- STORED DATA -
-----

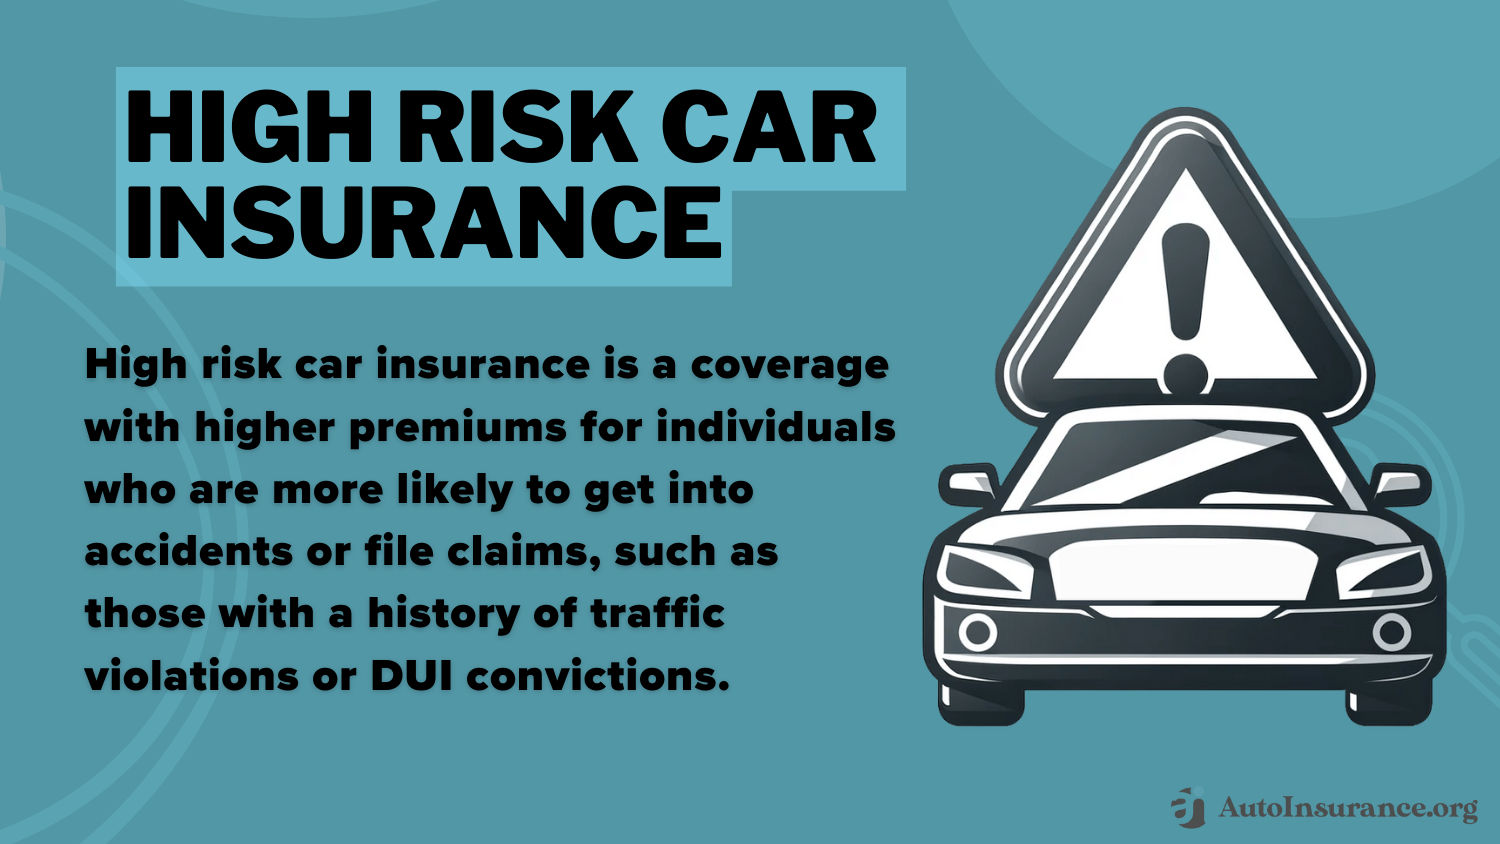 Government Assistance Programs for Low-Income Drivers: High Risk Car Insurance Definition Card
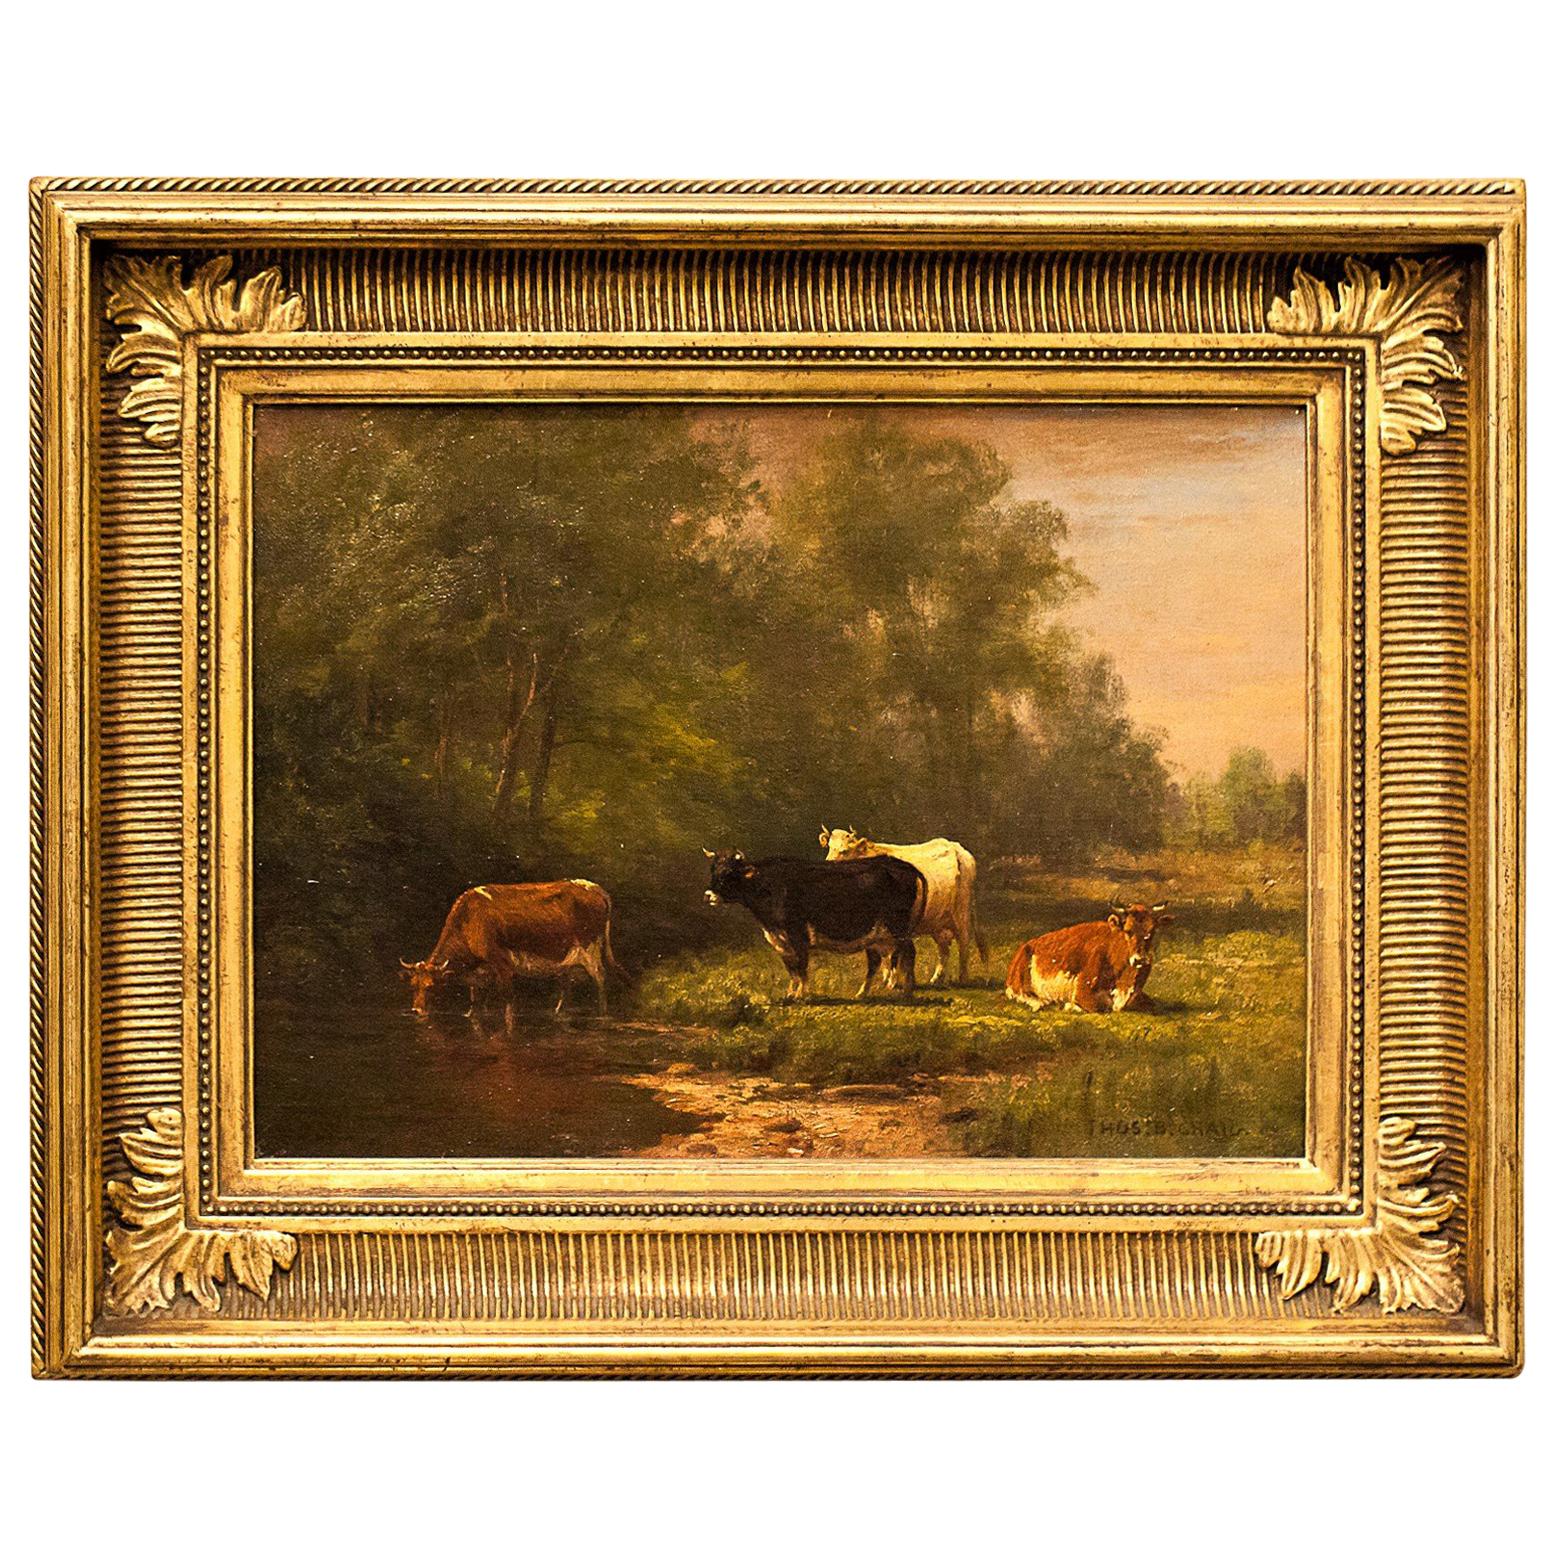 Pastoral Landscape "A Summer Afternoon" by Thomas Bigelow Craig
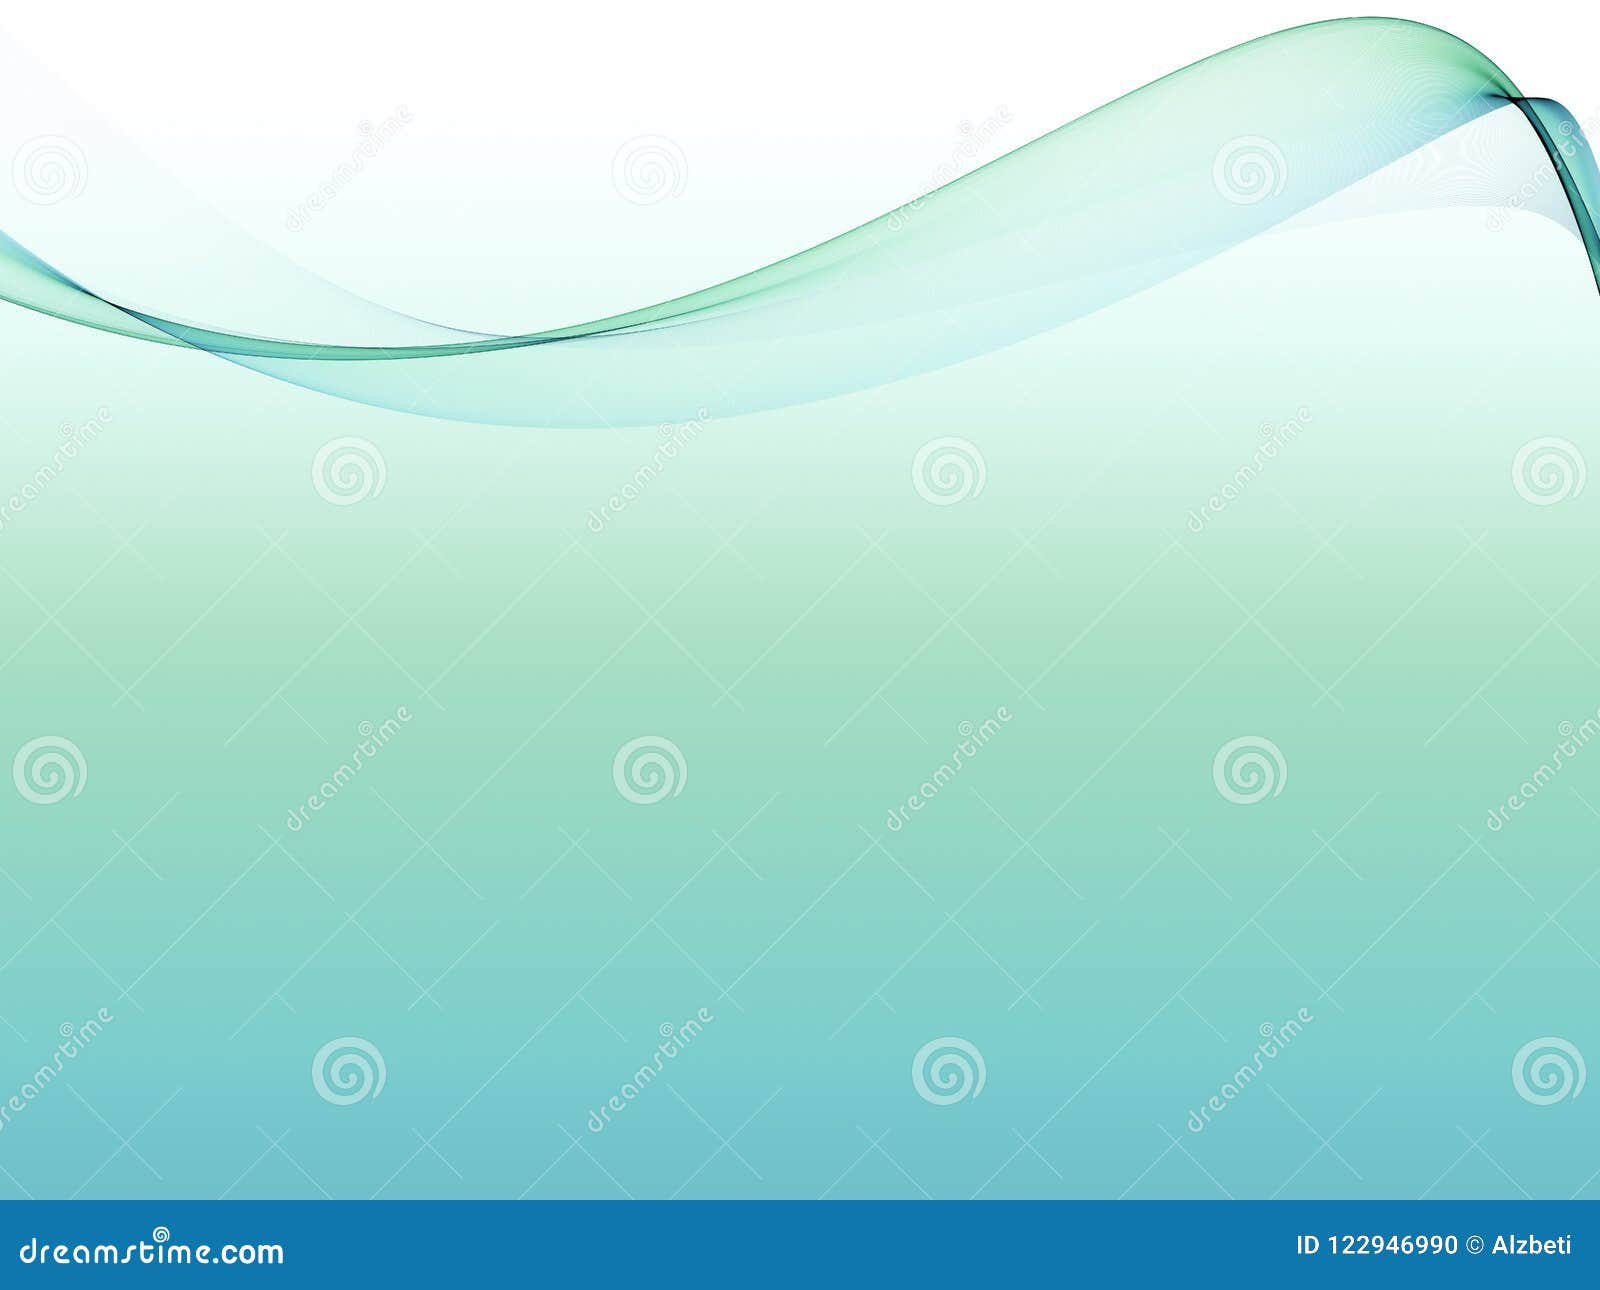 professional background images for ppt

-----

- TASK TO COMPLETE -
When a picture appears in the material, please pass over it while retyping the rest exactly.

- TASK RESPONSE -
 Government Assistance Programs for Low-Income Drivers: High Risk Car Insurance Definition Card
 Pastoral Landscape "A Summer Afternoon" by Thomas Bigelow Craig
 professional background images for ppt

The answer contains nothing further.